We have abundant textual evidence of much classical Cham art that once existed that has been lost to the ravages of time and the depredations of human vandals, looters, and conquerors. For example, the early 14th-century Chinese historian Ma Duanlin reported the existence of a large statue of the Buddha made of gold and silver; the current whereabouts of this statue are unknown. The Cham kings themselves have left us stone inscriptions describing the gifts of now lost precious objects they made to the shrines and sanctuaries of the realm.

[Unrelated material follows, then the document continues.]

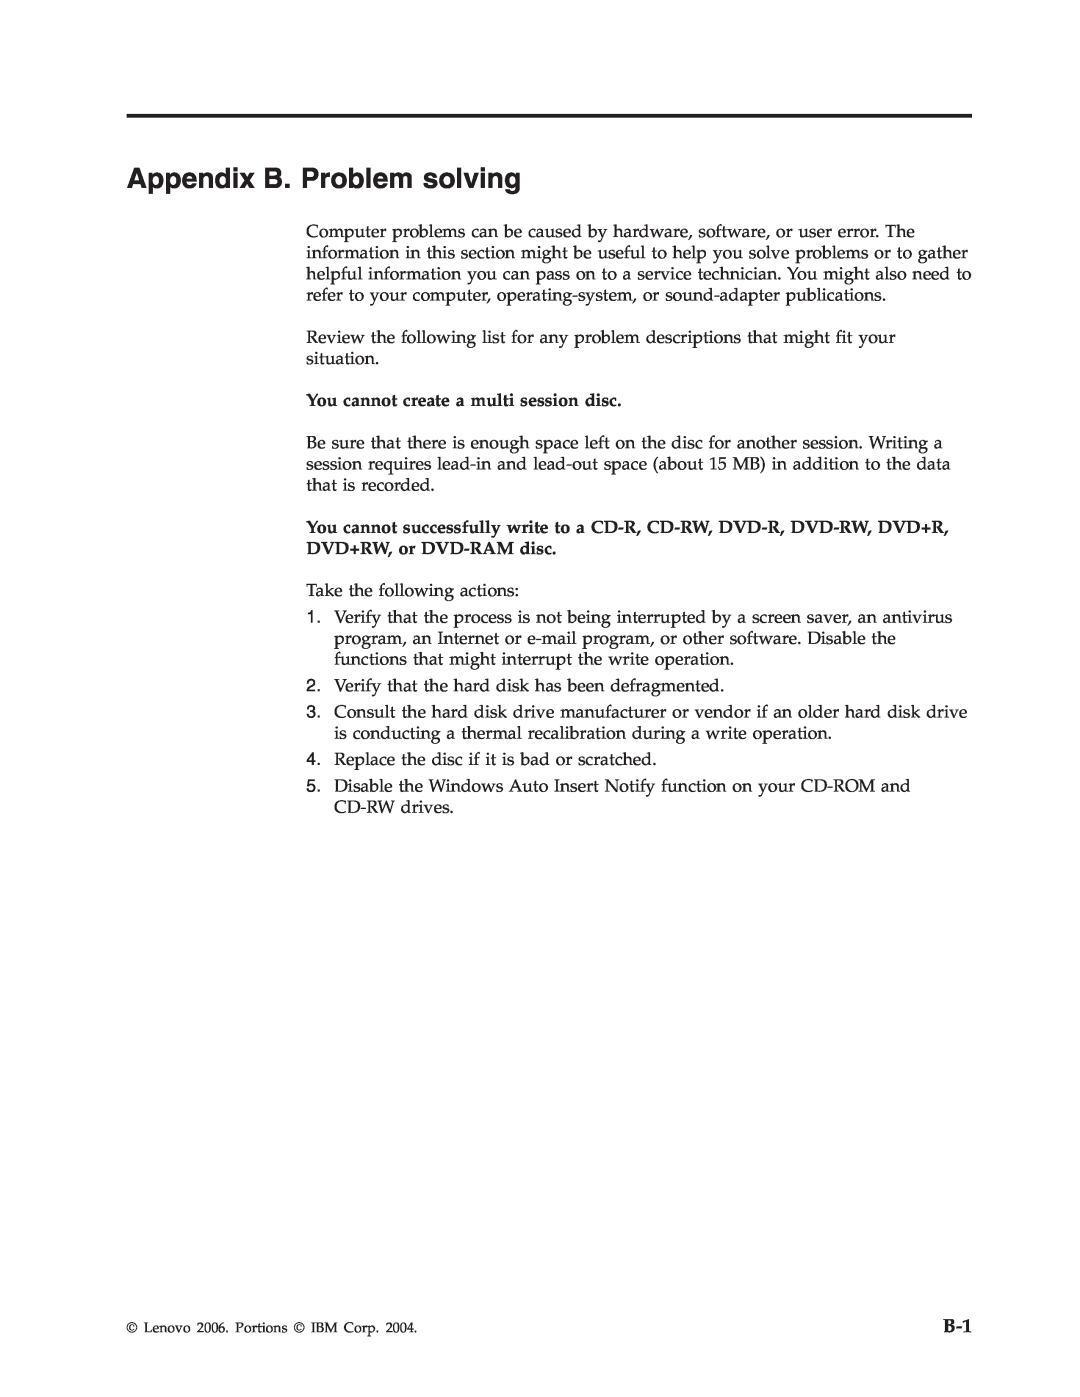 Lenovo 40Y8710 manual Appendix B. Problem solving, You cannot create a multi session disc 
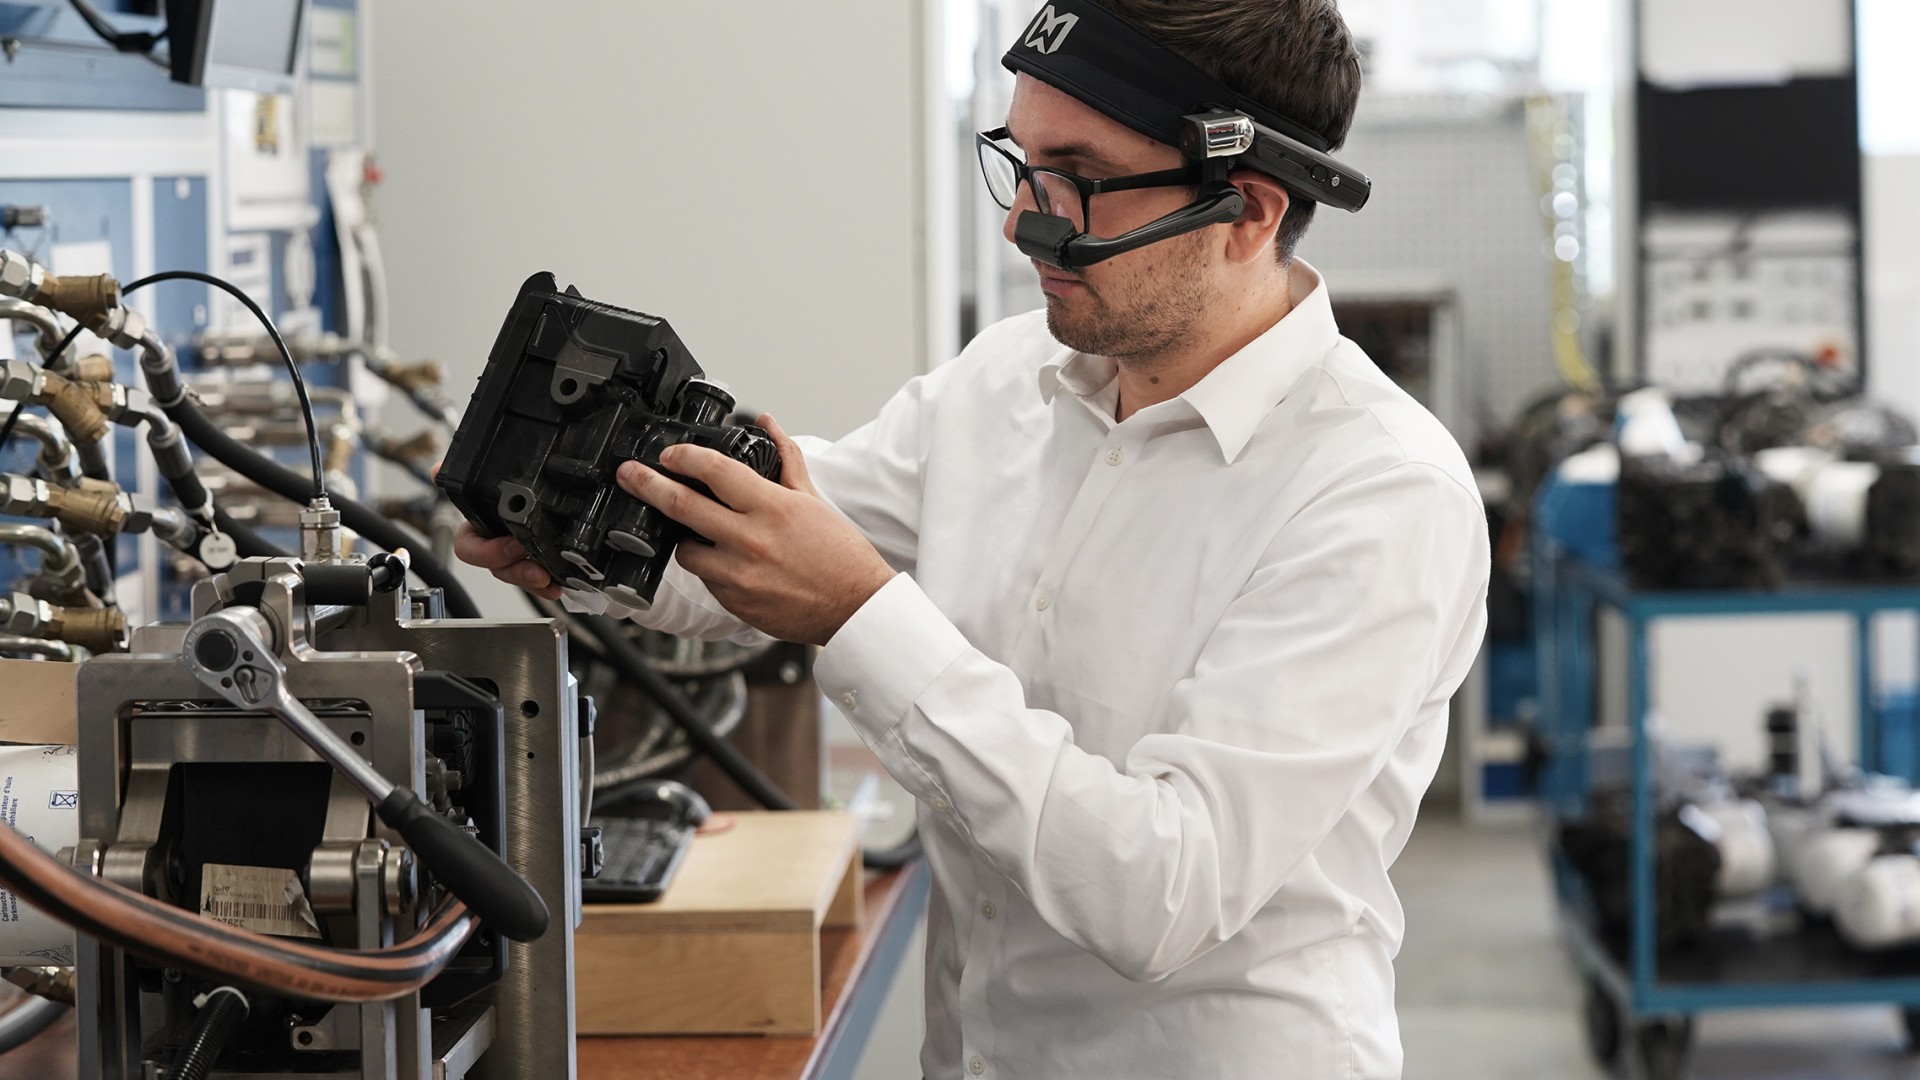 A Knorr-Bremse employee looks at a technical product through AR glasses.

Especially noteworthy was the practice of donating decorated metallic sleeves (kosa) and diadems (mukuta) to important lingas and the divinities with which they were affiliated. For example, an inscription on a stone stele dated approximately 1080 and found at Mỹ Sơn reports that King Harivarman IV (r. 1074–1080) donated a "large, resplendent golden kosa adorned with the most beautiful jewels, more brilliant than the sun, illuminated day and night by the rays of shining gems, decorated by four faces" to the deity Srisanabhadresvara, a local embodiment of Shiva. A few years later, around 1088, Harivarman may have been outdone by his successor Indravarman, who donated a golden kosa with six faces (facing in the four cardinal directions, toward the Northeast and the Southeast) topped off by a nagaraja (serpent-king) ornament, and decorated with precious gemstones including a ruby, a sapphire, a topaz, and a pearl. Neither of these treasures has survived.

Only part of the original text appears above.